Israel has slipped three places in the World Corruption Perceptions Index (CPI) and is now ranked 33rd out of 180 nations.
Tuesday's Transparency Report, which ranks corruption in public service, gave Israel a score of six points out of 10, with 10 being "corruption free."
Both the index and the report are complied by Transparency International, an organization dedicated to increasing government and business accountability and curbing both international and national corruption.
CPI's 2007 index ranked Israel in the 30th place, with 6.1 points on its Transparency Report. The corresponding 2006 report, ranked Israel in 34th place.

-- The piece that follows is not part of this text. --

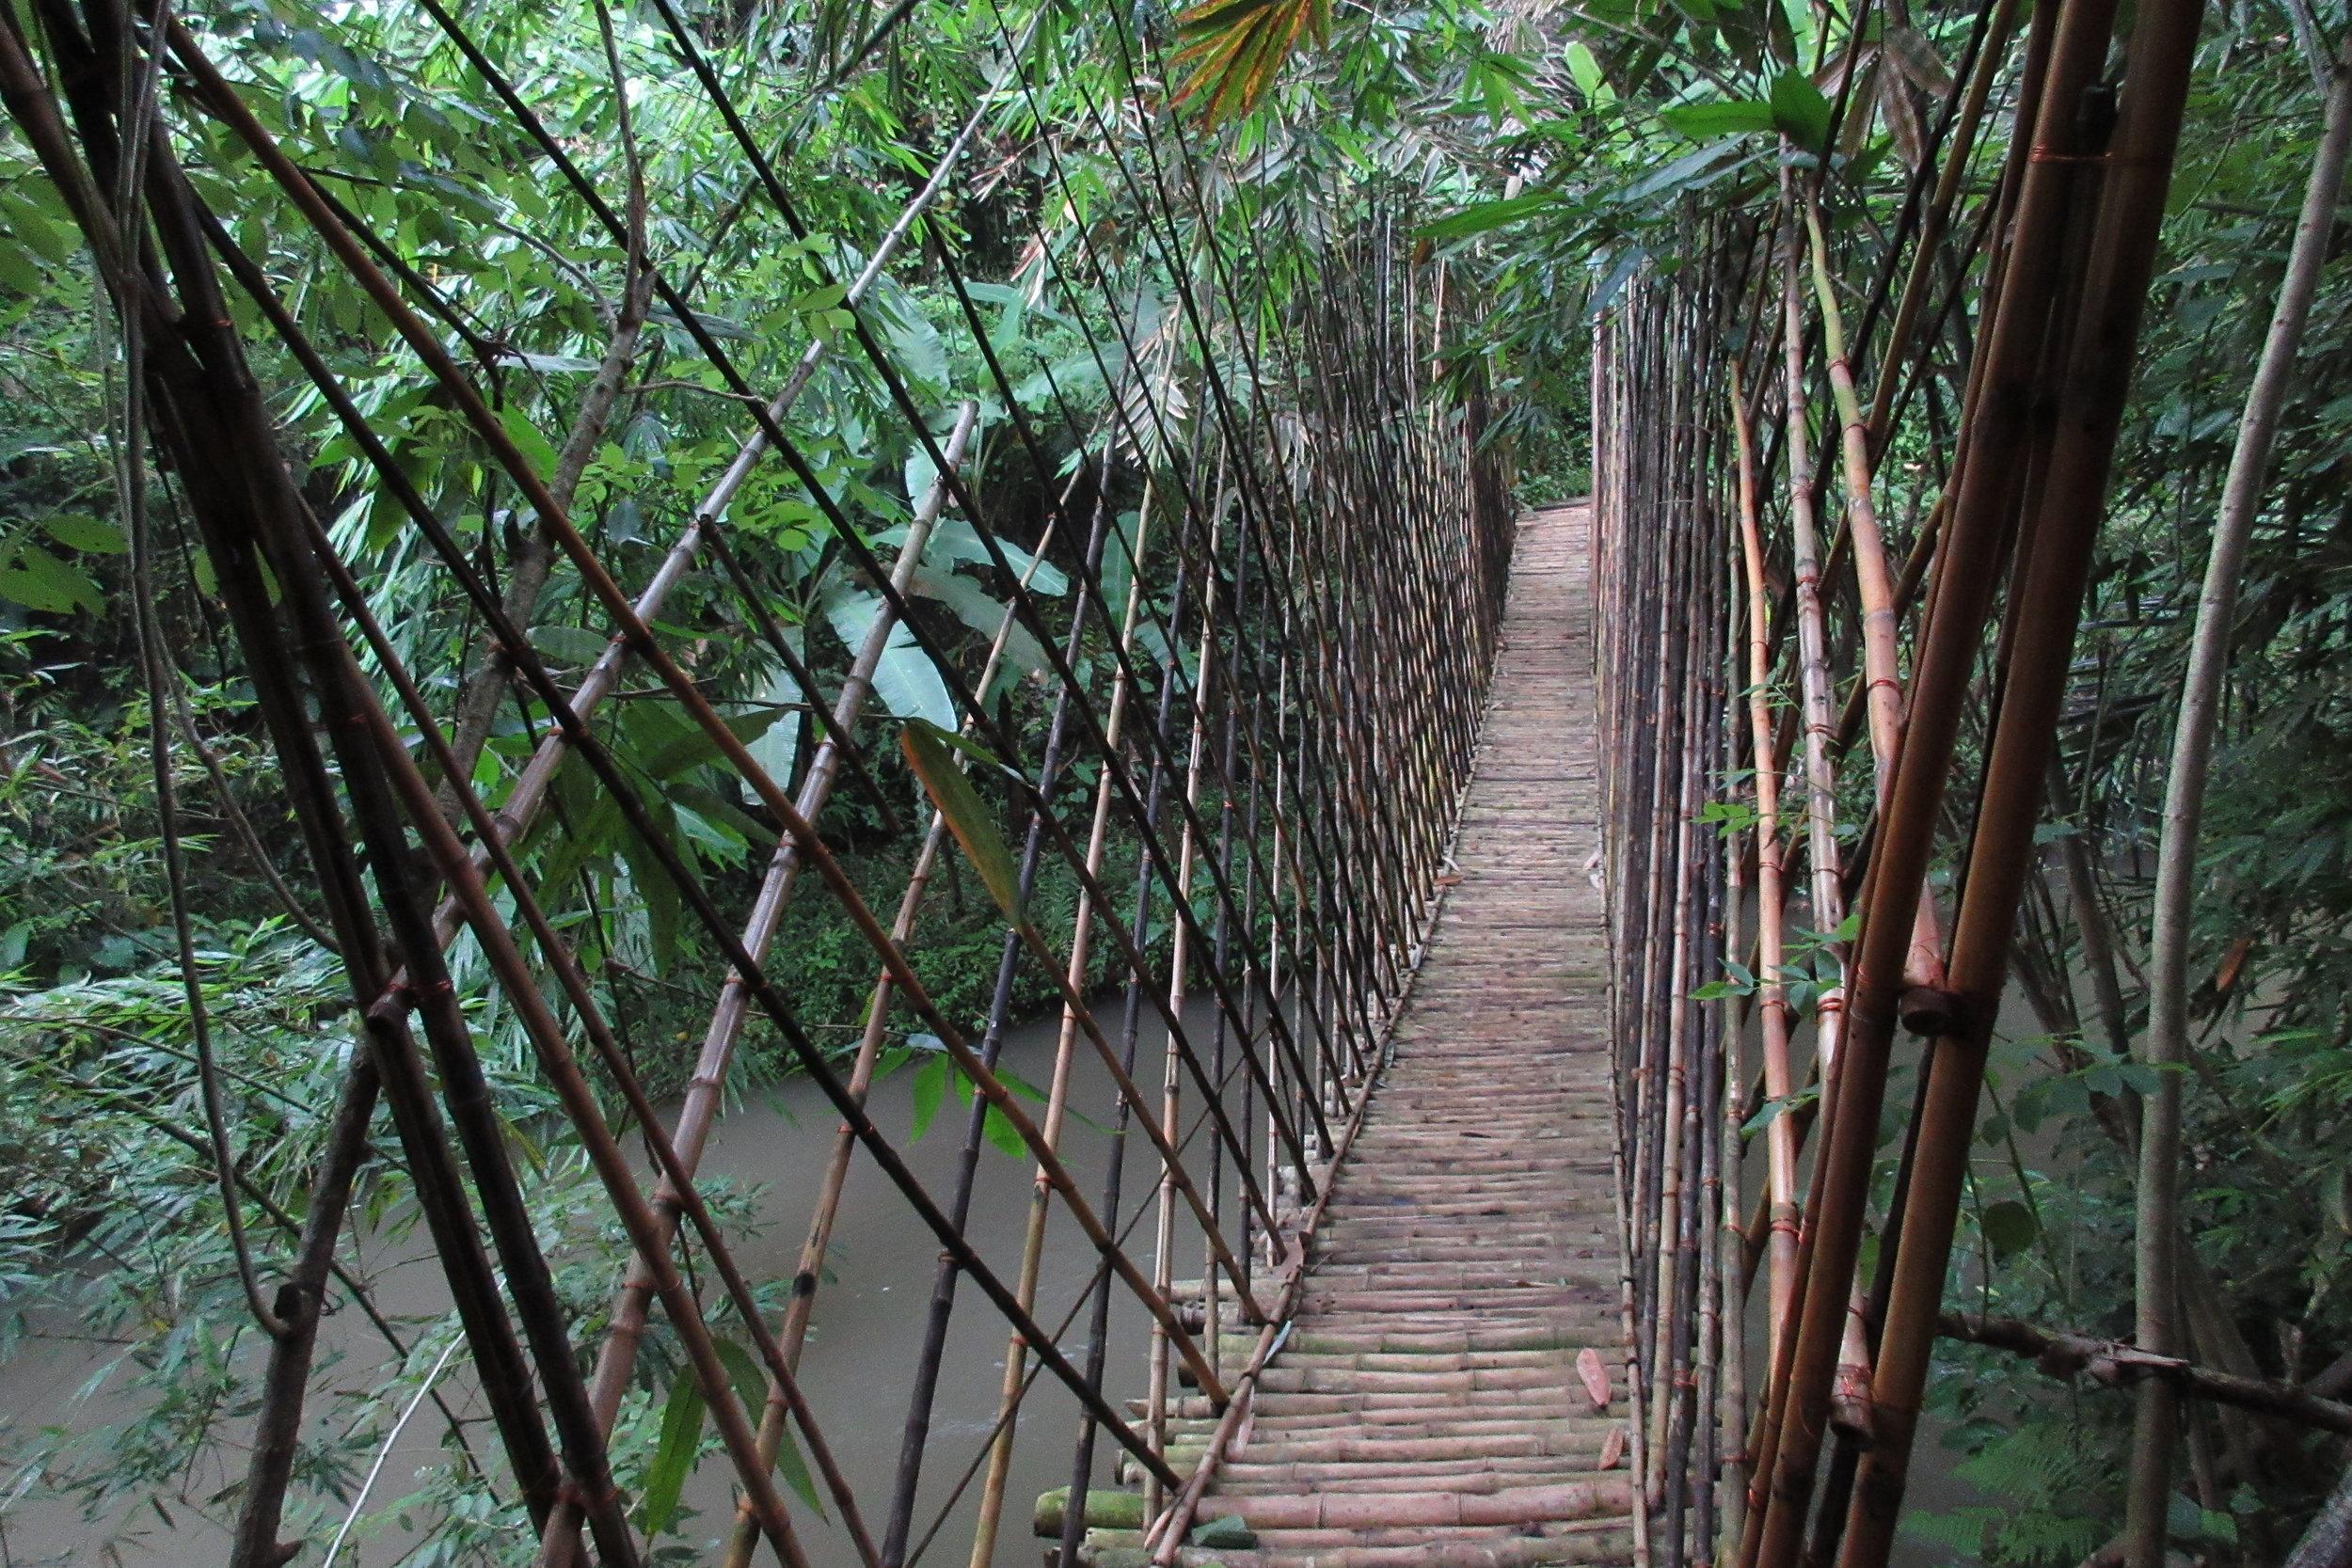 Bambu Indah Ubud – Bamboo suspension bridge

Israel shares the 33rd spot with the island of Commonwealth of Dominica and island in the West Indies.
More needs to be done
According to Transparency International's Israeli bureau, Shvil, the top 10 on the list are comprised of the major members of the Organization for Economic Co-operation and Development (OCED), with Denmark, New Zealand and Sweden taking the lead with 9.3 points, Singapore coming in second with 9.2 points and Switzerland ranking third with 9 points.
The top 20 include Germany in 14th place (7.9), the UK in 16th place (7.7) and Japan and the US in 18th place with 7.3 points. The bottom ranks included India in 85th place (3.4), China in 72nd place (3.6), Iran ranked 141 (2.3) and Russia in the 147 place with 2.1 points. Somalia won the dubious last place on the list.
"Corruption means valuable resources are not directed to where they should be, which has a detrimental effect on vital infrastructures such as security, education and health," said Prof. Joseph Gross, chairman of Shvil.
Shvil's CEO, Galia Sagi added that "Israel's current rankings prove that the fight against corruption has yet to yield the best results. Judging our officials according to ethical standards, rather than legal criteria is the only way we can make a real difference."